EDIT 25.02.09: Vous n'avez pas besoin de tout relire, la discussion résumée et reprise reprend plus bas ici

---

ça fait quelques temps que j'essaie de faire un NAT en utilisant mon petit serveur de maison plutôt que d'utiliser le routeur. Malheureusement après plusieurs essais je n'arrive toujours pas à ce que je voudrais. La majeure partie du NAT fonctionne correcteur avec quelques bidouillages mais malgré cela certaines choses sont bloquées je ne sais pourquoi.

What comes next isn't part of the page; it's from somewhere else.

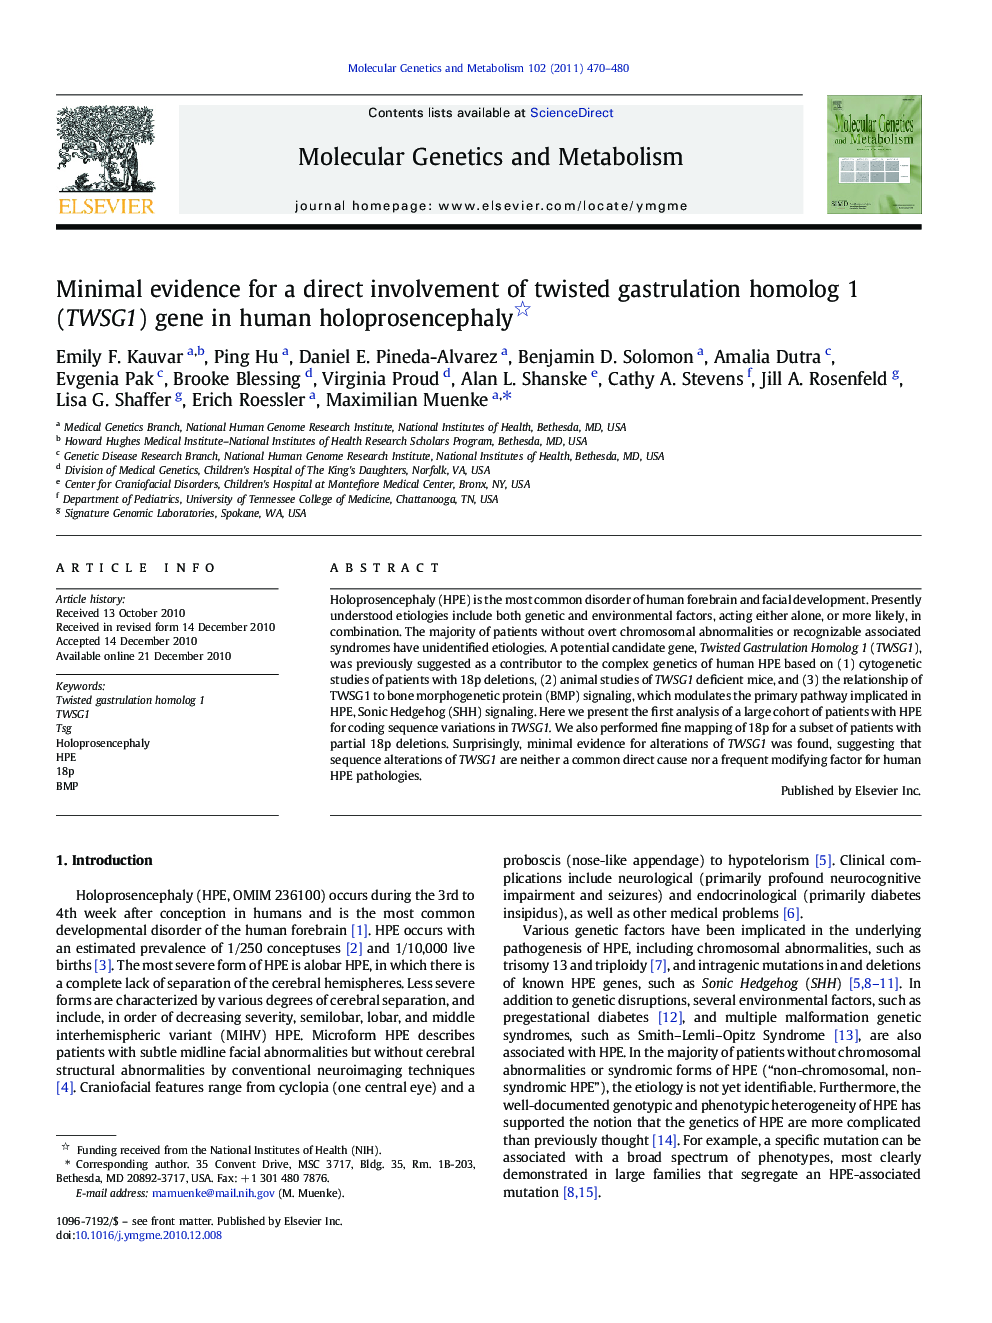 Minimal evidence for a direct involvement of twisted gastrulation homolog 1 (TWSG1) gene in human holoprosencephaly

Par exemple je peux citer certains sites que je ne peux pas accéder après le NAT perso: hotmail.com, myspace.com. Il y a aussi MSN où je n'arrive pas à me connecter. Par contre la majeure partie des sites comme gentoo.org et la messagerie Jabber sont totalement fonctionnel. Dans les jeux par exemple WoW se connecte jusqu'à "Terminé !" mais ne va pas plus loin, par contre Warcraft III semble totalement fonctionnel.

Je n'arrive pas bien à cerner les points communs entre ces différentes connexions néanmoins je peux voir sur les logs ce qui est refusé.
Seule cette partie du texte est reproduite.